Every credit card offer that lands in your mailbox or loads on your screen carries a table the issuer did not include voluntarily. Federal law requires it: a standardized grid listing the card’s interest rates and fees in a fixed format, in readable type, with the most important number displayed larger than the rest. It is called the Schumer box, named for Chuck Schumer of New York, who championed the requirement as a House member behind the 1988 law that created it.
The box exists because card pricing used to hide in paragraphs of legalese that no two issuers wrote the same way. The standardized table made cards comparable at a glance, the way nutrition labels made cereal comparable. If you read only one thing before applying for a card, read this table. Here is what each line is telling you.
The APR lines: purchases, transfers, cash advances
The first and most prominent entry is the annual percentage rate for purchases. Most cards today list a range, something like a spread of ten points or more, with your actual rate set by your creditworthiness after you apply. Assume the higher end if your credit is thin. Most card APRs are also variable, tied to the prime rate, so they move when the Federal Reserve moves.
Below the purchase APR come separate rates for balance transfers and cash advances. Cash advance APRs run higher than purchase rates, and interest on advances typically starts immediately, with no grace period. If an introductory 0 percent rate is offered, the box must state it along with exactly when it expires and what rate applies afterward. The disclosure requirements come from the Truth in Lending Act’s Regulation Z, maintained by the Consumer Financial Protection Bureau.
The penalty APR: the rate they hope you never meet
Watch for the penalty APR line. This is the rate the issuer may impose if you pay late, often dramatically higher than the regular rate, along with the conditions that trigger it and how long it can last. Under the CARD Act, a penalty rate generally cannot be applied to your existing balance unless you fall at least 60 days behind, but it can apply to new purchases sooner. This single line is a good reminder of why autopay for at least the minimum payment is cheap insurance.
The fee lines: annual, transaction, and penalty fees
The lower half of the box lists fees. The annual fee, if any, is the headline, but the transaction fees deserve equal attention: balance transfer fees, cash advance fees, and foreign transaction fees, each usually expressed as a percentage with a minimum dollar amount. Then come penalty fees for late payments and returned payments, which federal rules cap and require to be disclosed here.
Reading fee lines against your own habits is where the box earns its keep. A card with no annual fee but a foreign transaction fee is a poor travel companion. A generous rewards card with a large annual fee only pays for itself if your real spending clears the break-even. The CFPB’s credit card resources include guidance on comparing offers beyond the marketing page.

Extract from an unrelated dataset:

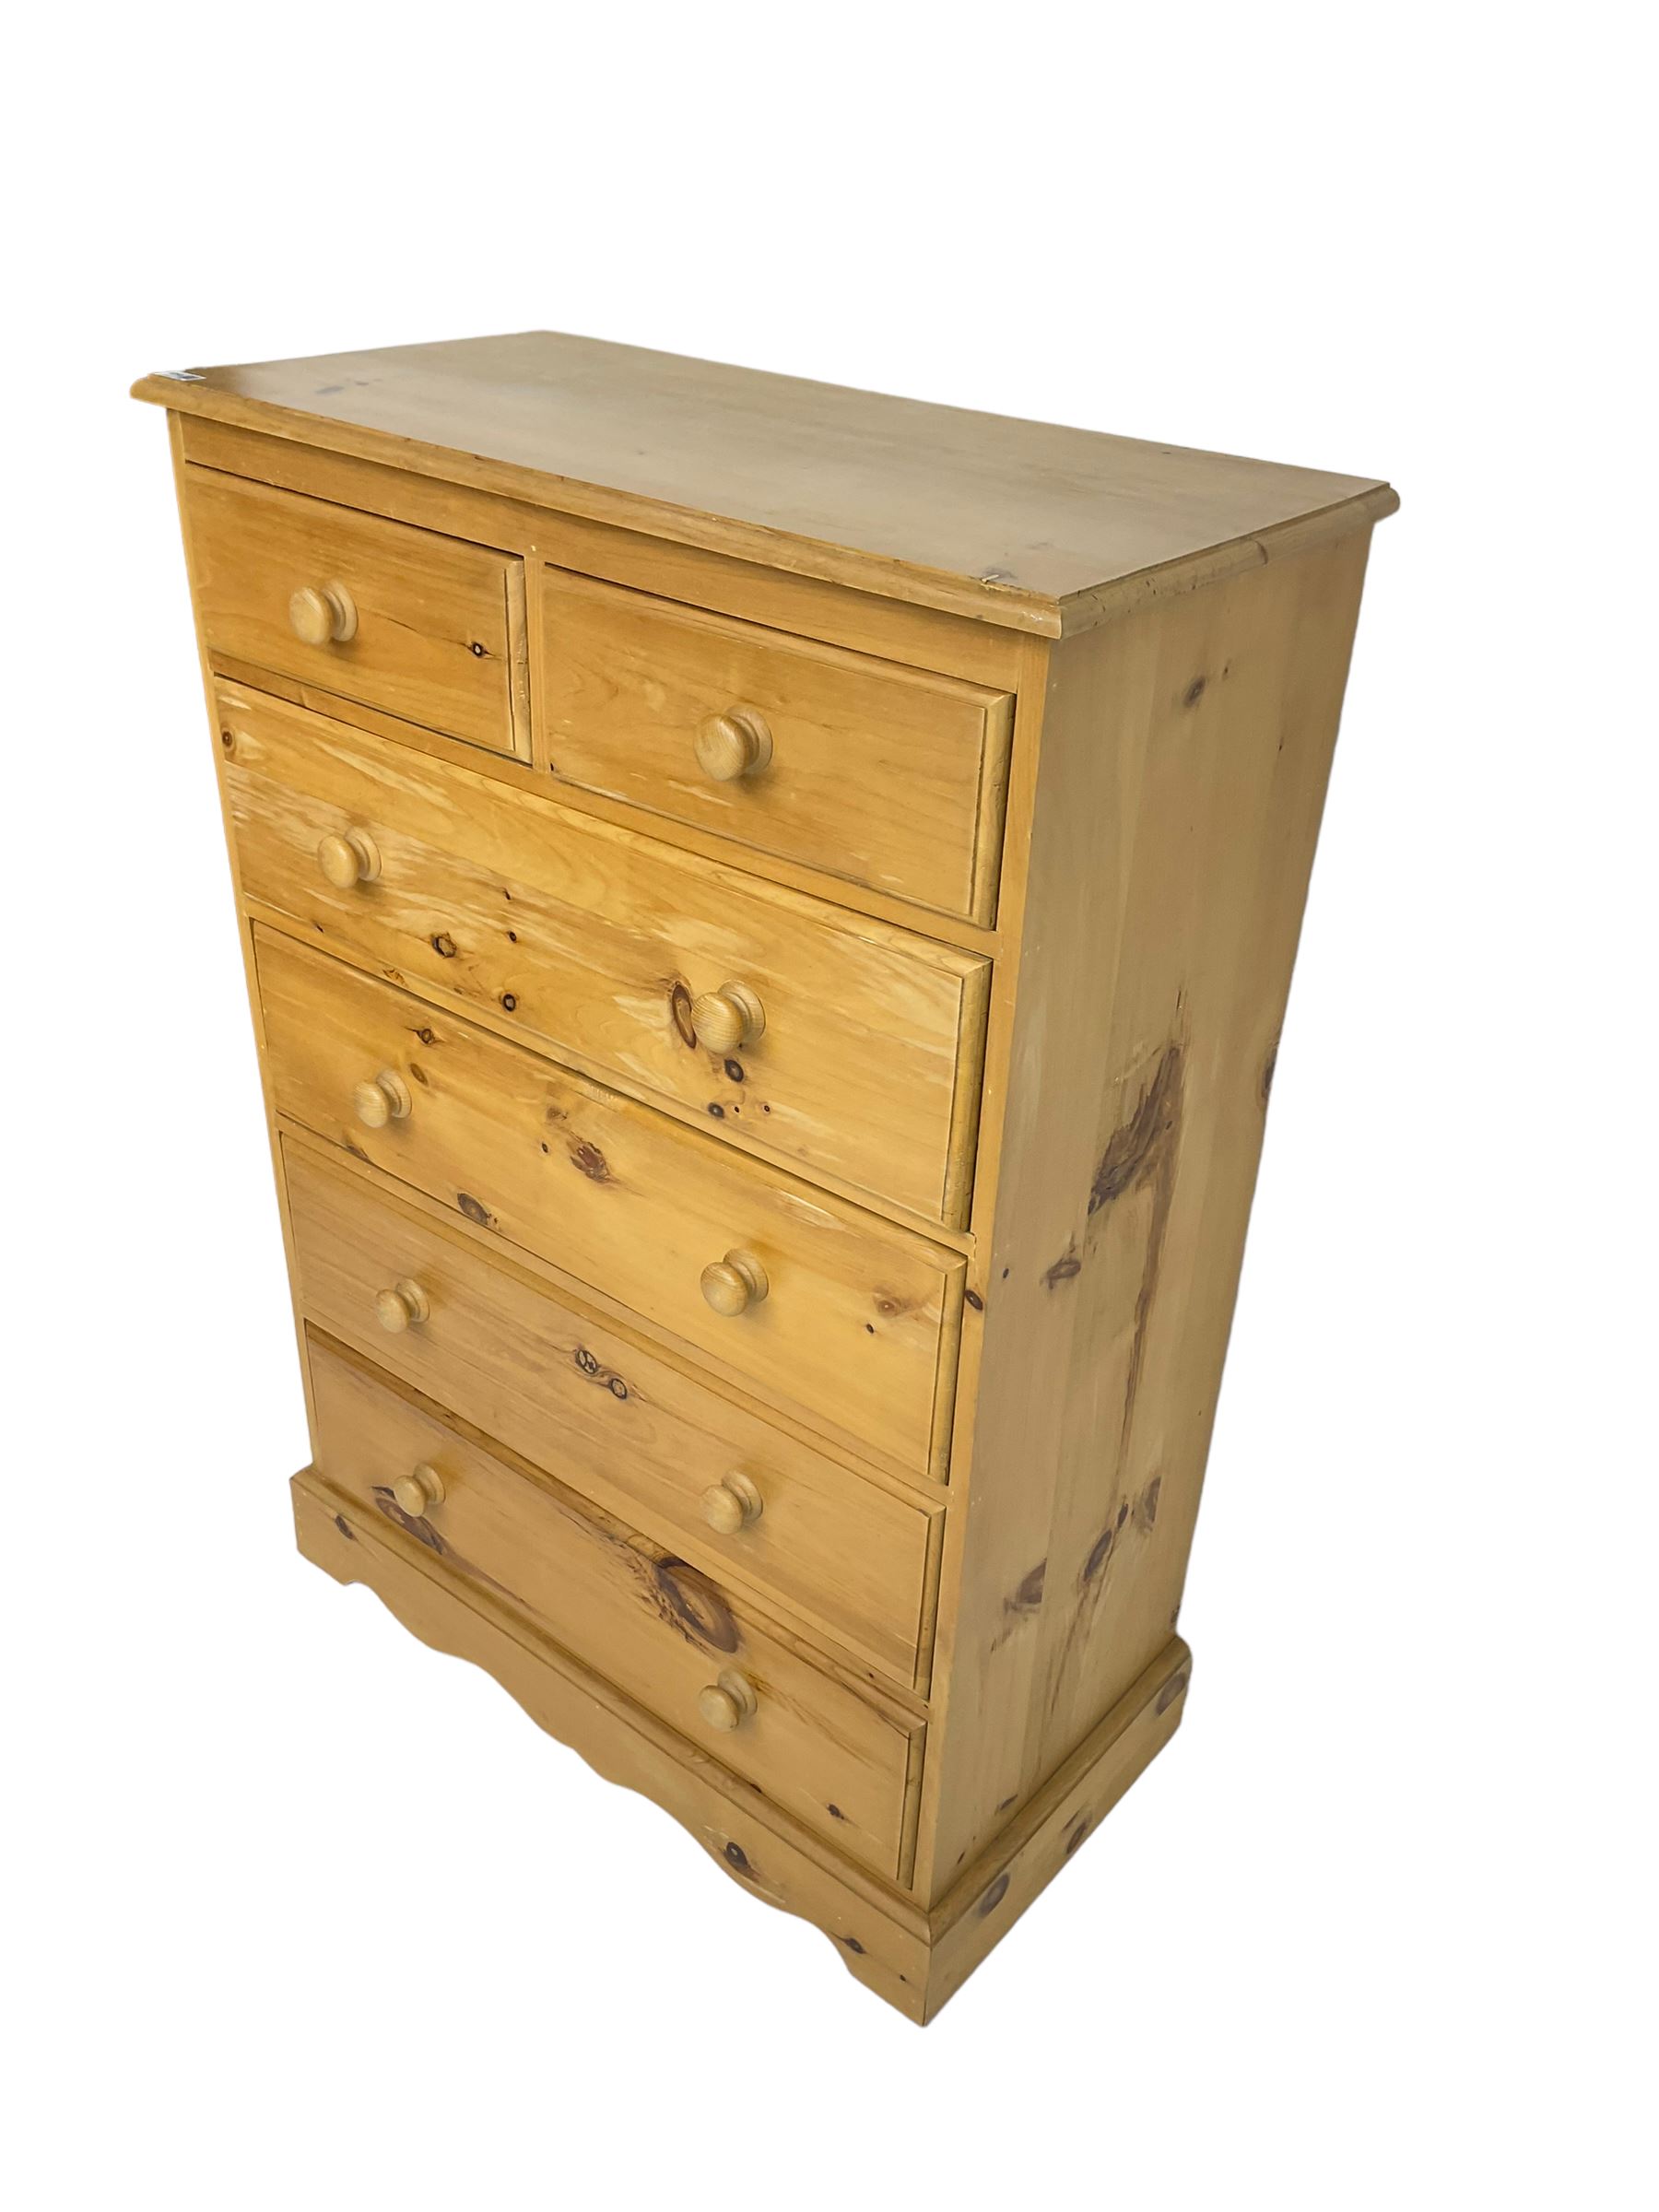 Traditional pine chest - Image 2 of 7

The grace period: the line that decides if you ever pay interest
The box also tells you how the issuer computes interest and whether there is a grace period on purchases: the window between the statement date and the due date during which paying in full means paying no interest at all. Federal rules require at least 21 days between when a statement is mailed and when the payment is due. The critical fine print: on most cards, the grace period only exists if you paid the previous balance in full. Carry a balance one month and new purchases typically start accruing interest from day one.

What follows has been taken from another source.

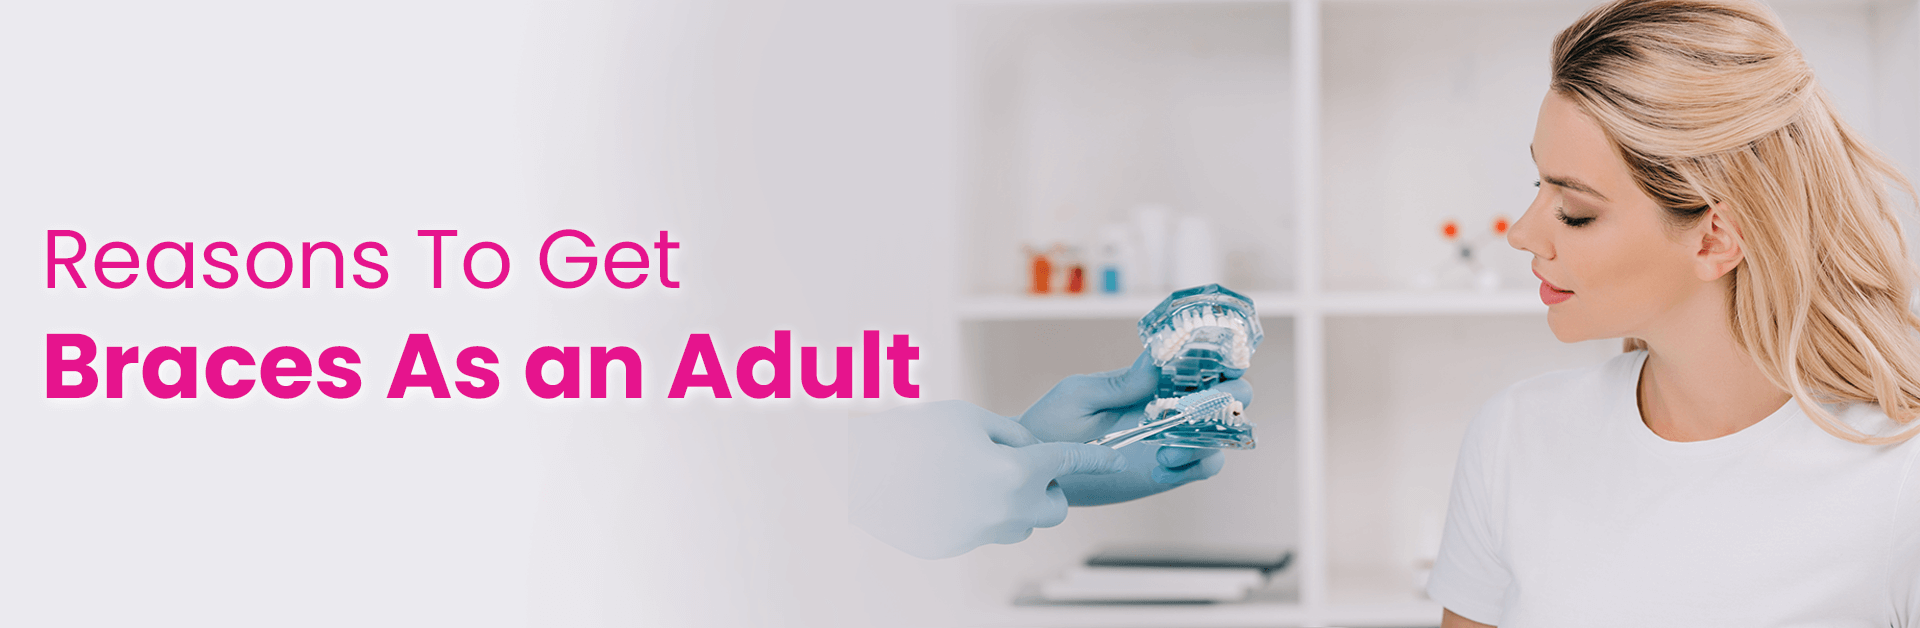 7 REASONS TO GET BRACES AS AN ADULT

If you pay in full every month, the grace period makes your purchase APR almost irrelevant. If you carry a balance even occasionally, the APR line becomes the most expensive number in the box. Knowing which type of user you honestly are tells you which lines matter most.
Where to find the box, and how to use it
Issuers must provide the table with applications and solicitations, and you will find it on the offer’s terms page online, sometimes labeled “rates and fees” or “pricing and terms.” Pull up that page for any card you are considering and put two or three offers side by side; because the format is standardized, the comparison takes minutes. For a plainer-English second opinion on any term you do not recognize, the national bank regulator’s consumer site, HelpWithMyBank.gov, answers common credit card questions.
One caution: the Schumer box is a summary, not the whole contract. Reward program rules, arbitration clauses, and how payments are applied live in the full cardmember agreement. But the box contains every number that determines what the card costs, which is what most of us actually need to know. Nearly four decades after Congress forced card pricing into one honest table, the biggest surprise is how few people look at it. The issuer is required to hand you the answers. Take them.